Embracing the genre conventions of the American film noir, Le doulos is a convoluted B-grade policier too satisfied with its own twists. Melville’s technique of withholding information is successfully disorienting, though all ambiguities are extinguished in a baffling sequence late in the film in which the characters sit down and discuss exactly what has transpired scene-by-scene through a utilization of flashbacks.
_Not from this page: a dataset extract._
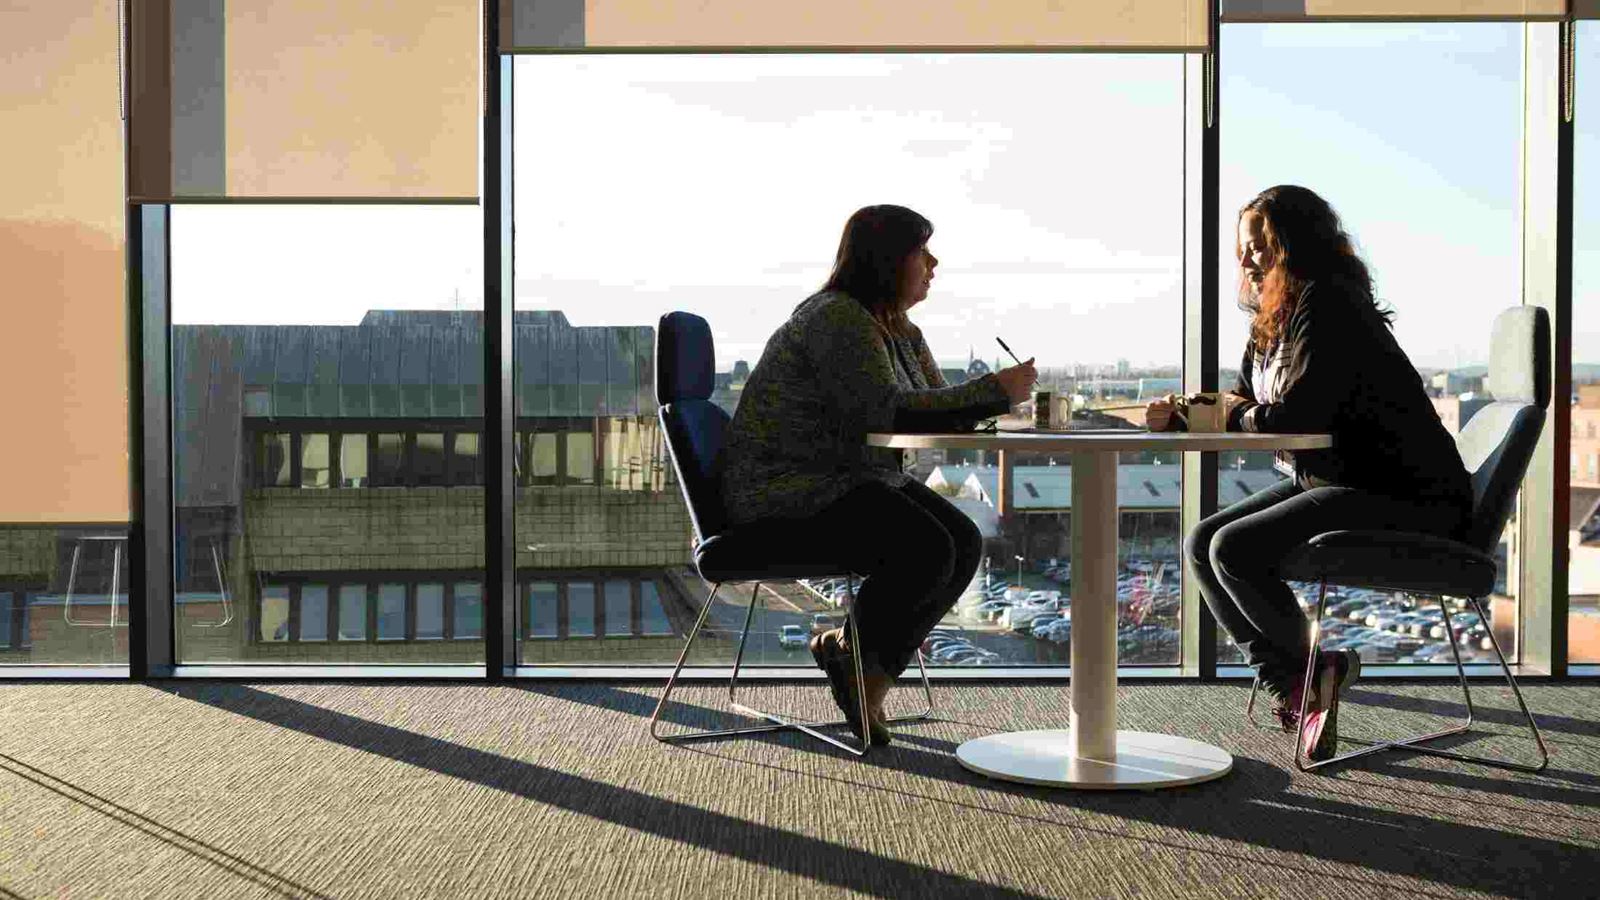 Two AXA employees sat at a table having a one-to-one meeting

Though the plot might be laborious, the performances of Jean-Paul Belmondo and Serge Reggiani elevate the material. Reggiani, like the titular character of Bob le flambeur, is an aged, weary gangster just having served a prison sentence. Like the films that precede it, the film glorifies the criminals through a romanticization of their loyalty to one another (which is somewhat ironic, given that the central anxiety of the film is betrayal). Belmondo, who had become an international star only two years earlier in Breathless, is well suited to play the film’s most unpredictable character. Initially appearing as little more than a common thug, his intelligence is key to the latter half of the picture.

Melville himself emerges as an unreliable narrator in his misleading telling of the narrative. In withholding information to the audience, however, the plot becomes consciously driven by his own devices rather than by the actions of the characters themselves. Given a more satisfying reveal, perhaps his gimmickry would have been better justified.